GIVEN INFORMATION:
★ ★ ★ ★ ★ ★ ★
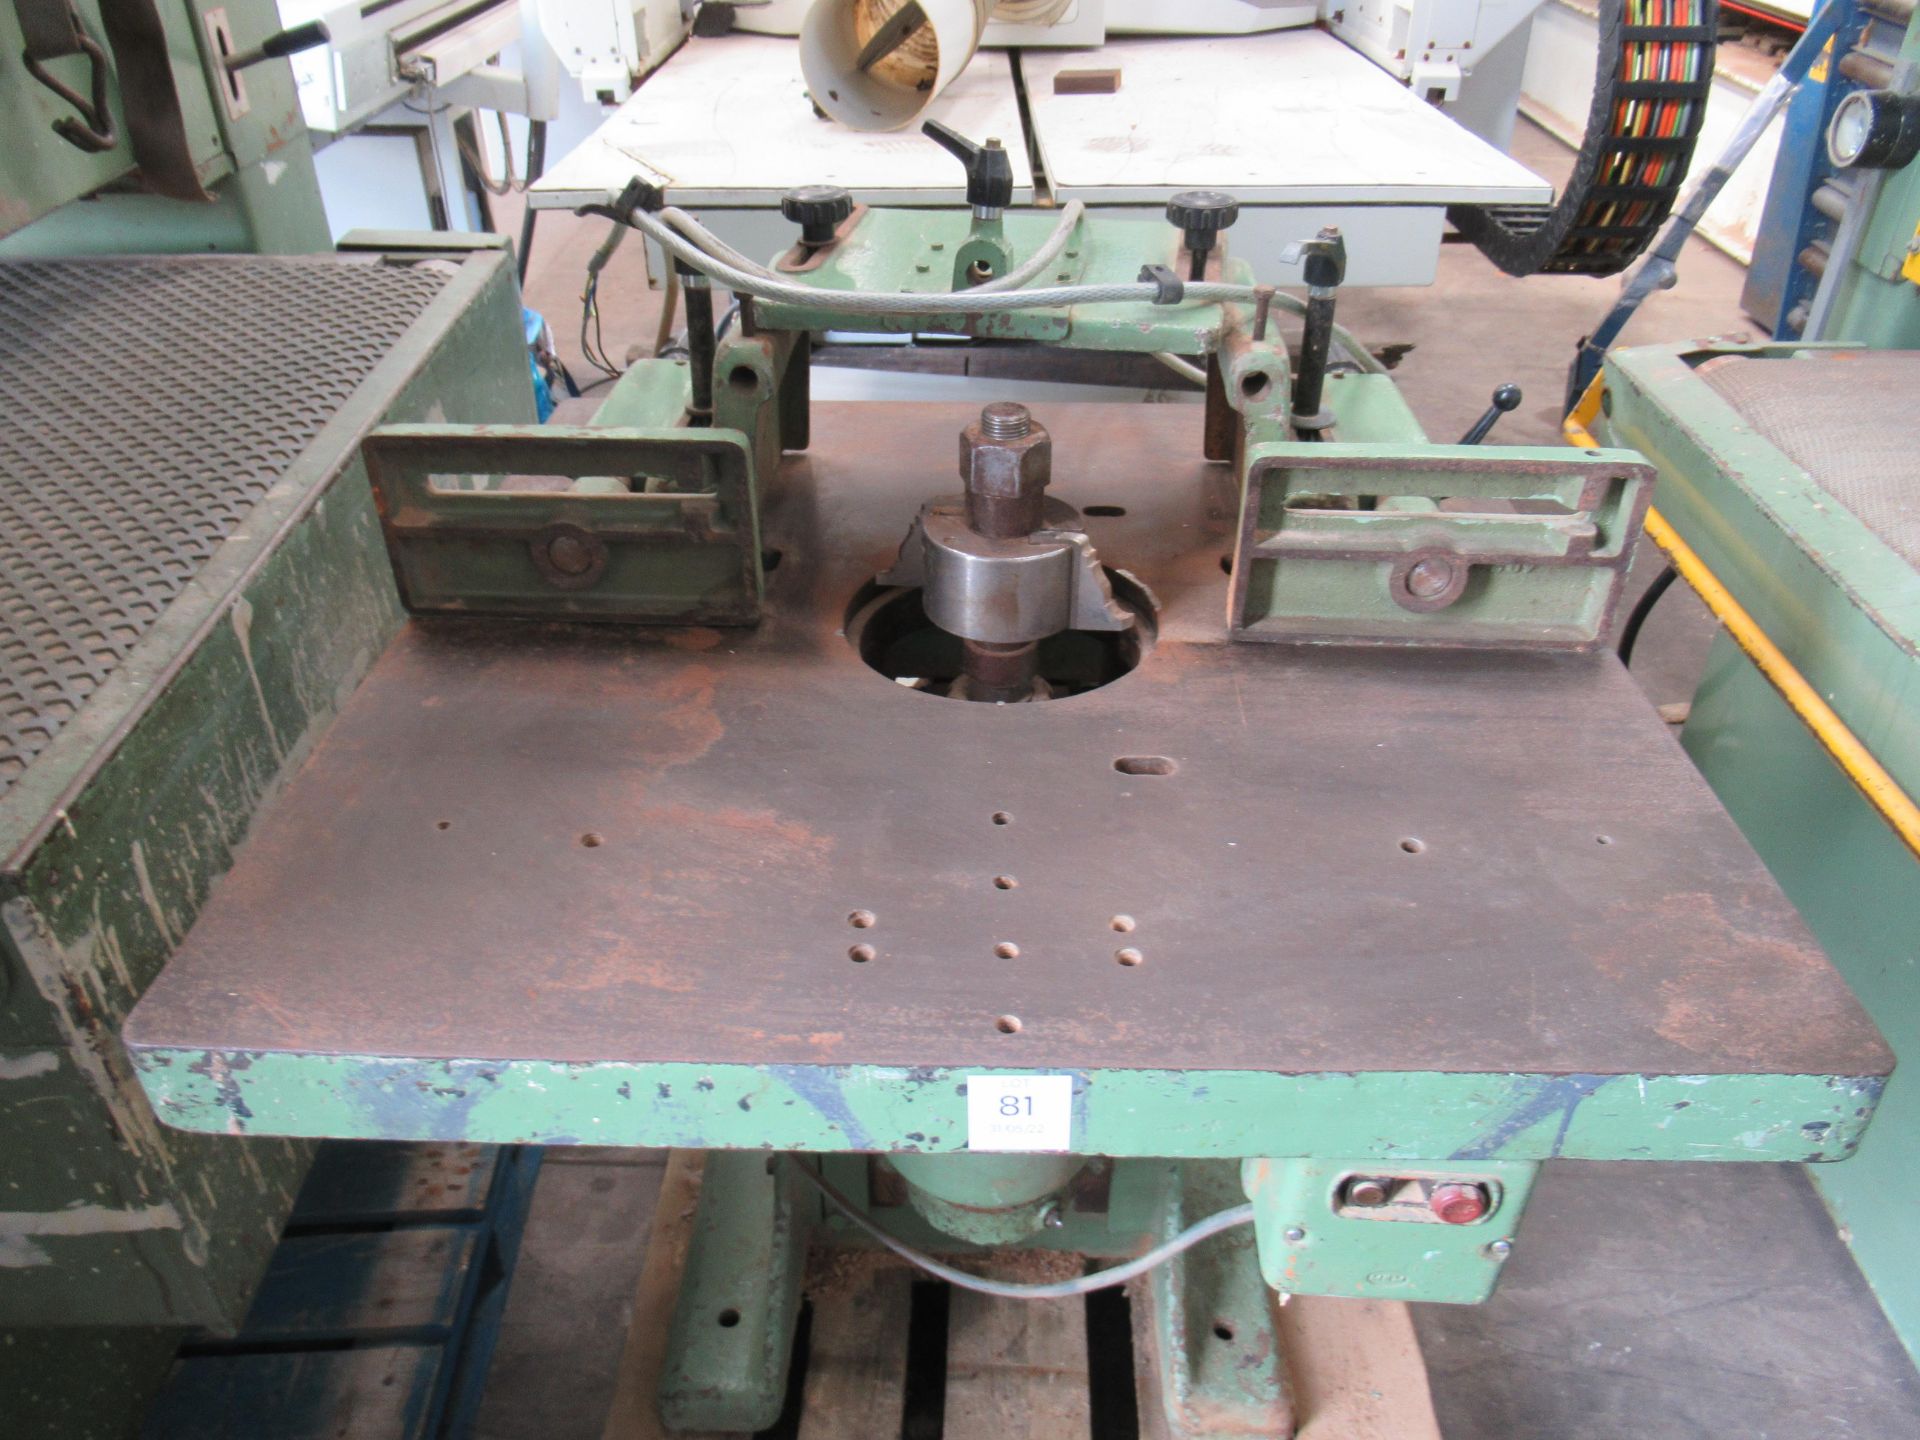 Dangwaert Spindle Moulder 3PH. Please note there is a £15 plus VAT Lift Out Fee on this lot - Image 2 of 4
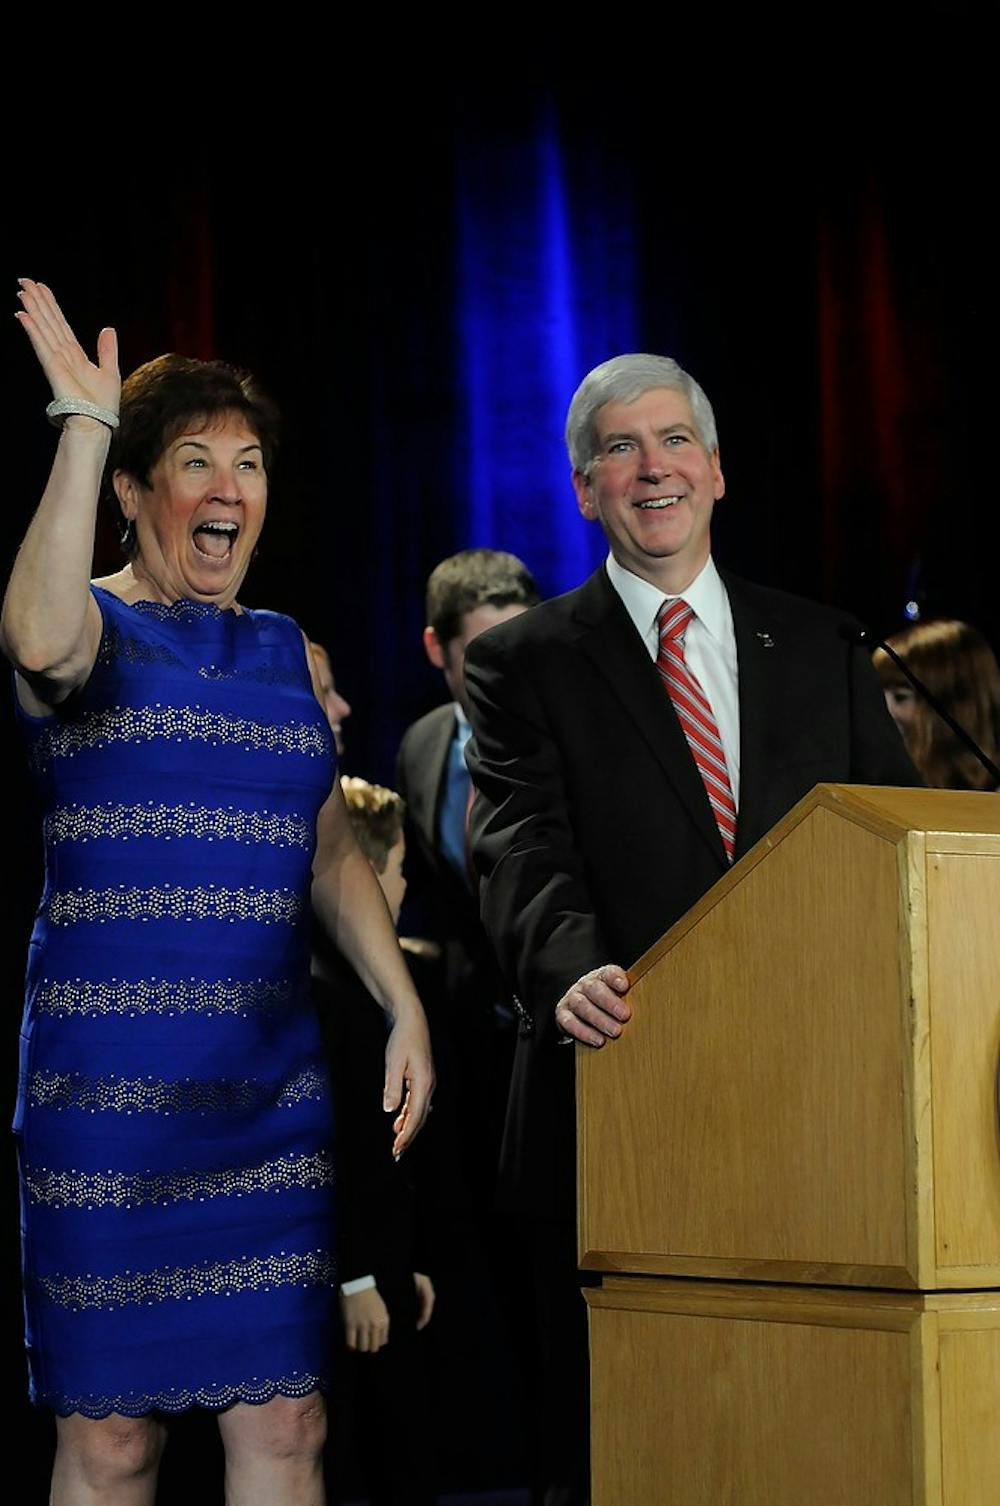 <p>Governor Rick Snyder and wife Sue Snyder celebrate the election win Nov. 4, 2014, at the Detroit Marriott at the Renaissance Center in Detroit, Mich. Jessalyn Tamez/The State News</p>
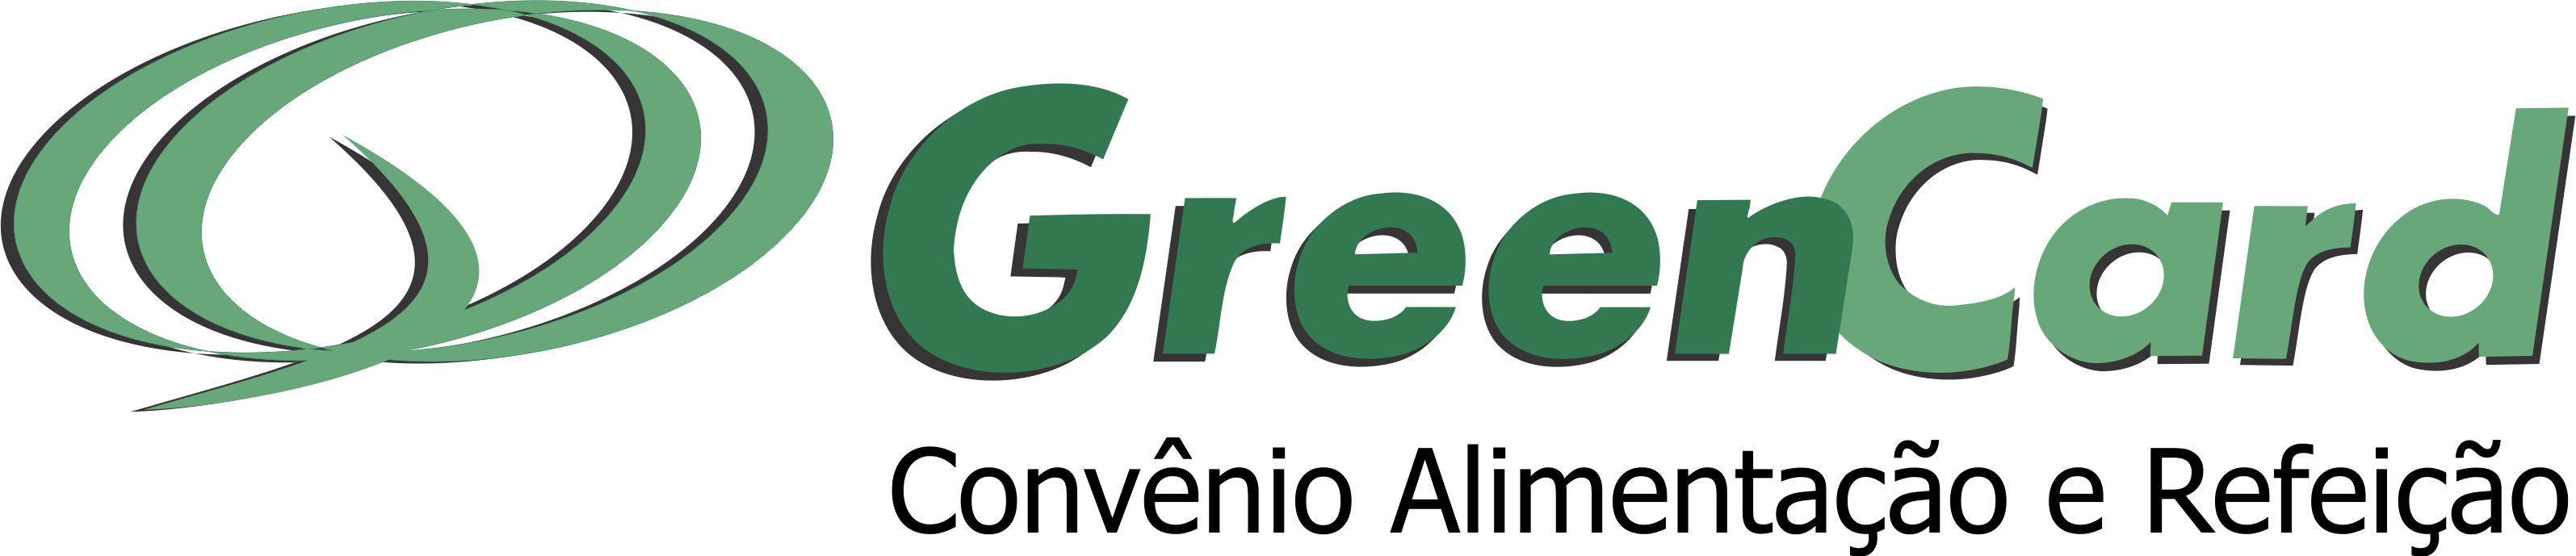 Green Card PNG Image HQ
★ ★ ★ ★ ★ ★ ★
WORK ITEM:
Omit the pictures and reproduce the remaining material above exactly.

ANSWER TO THE PROBLEM:
 Dangwaert Spindle Moulder 3PH. Please note there is a £15 plus VAT Lift Out Fee on this lot - Image 2 of 4
 <p>Governor Rick Snyder and wife Sue Snyder celebrate the election win Nov. 4, 2014, at the Detroit Marriott at the Renaissance Center in Detroit, Mich. Jessalyn Tamez/The State News</p>
 Green Card PNG Image HQ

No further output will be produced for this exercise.